Let us examine now, says Prof. Müller, from whose work we have quoted the above, a few passages (from the Rig-Veda) illustrating every one of these perfectly natural transitions.
"In hymn vii. we find the Sun invoked as 'The Protector of everything that moves or stands, of all that exists.'"
"Frequent allusion is made to the Sun's power of seeing everything. The stars flee before the all-seeing Sun, like thieves (R. V. vii.). He sees the right and the wrong among men (Ibid.). He who looks upon the world, knows also all the thoughts in men (Ibid.)."
"As the Sun sees everything and knows everything, he is asked to forget and forgive what he alone has seen and knows (R. V. iv.)."
"The Sun is asked to drive away illness and bad dreams (R. V. x.)."

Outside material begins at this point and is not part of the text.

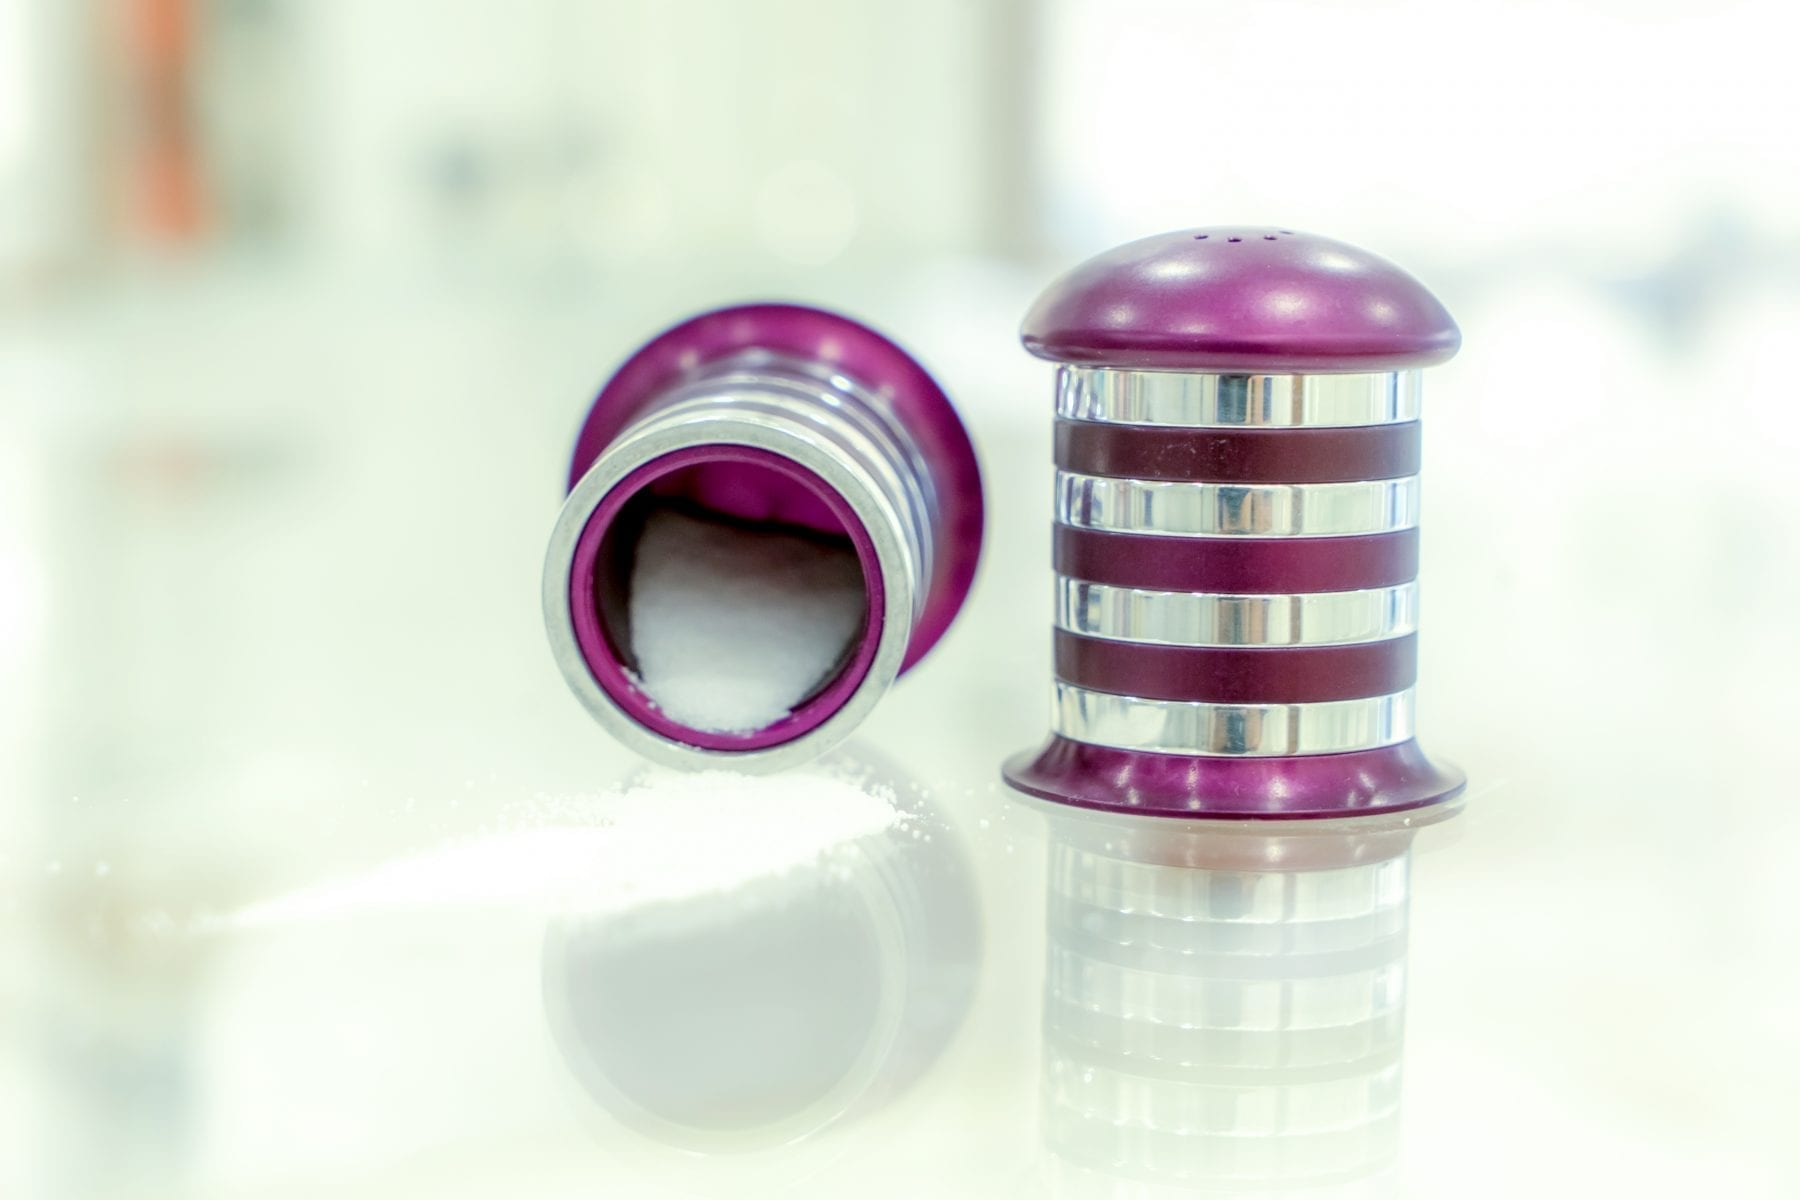 Salt and Pepper Aluminum Tableware with Shiny Rings

"Having once, and more than once, been invoked as the life-bringer, the Sun is also called the breath or life of all that moves and rests (R. V. i.); and lastly, he becomes the maker of all things, by whom all the worlds have been brought together (R. V. x.), and . . . Lord of man and of all living creatures."
"He is the God among gods (R. V. i.); he is the divine leader of all the gods (R. V. viii.)."
"He alone rules the whole world (R. V. v.). The laws which he has established are firm (R. V. iv.), and the other gods not only praise him (R. V. vii.), but have to follow him as their leader (R. V. v.)."[473:1]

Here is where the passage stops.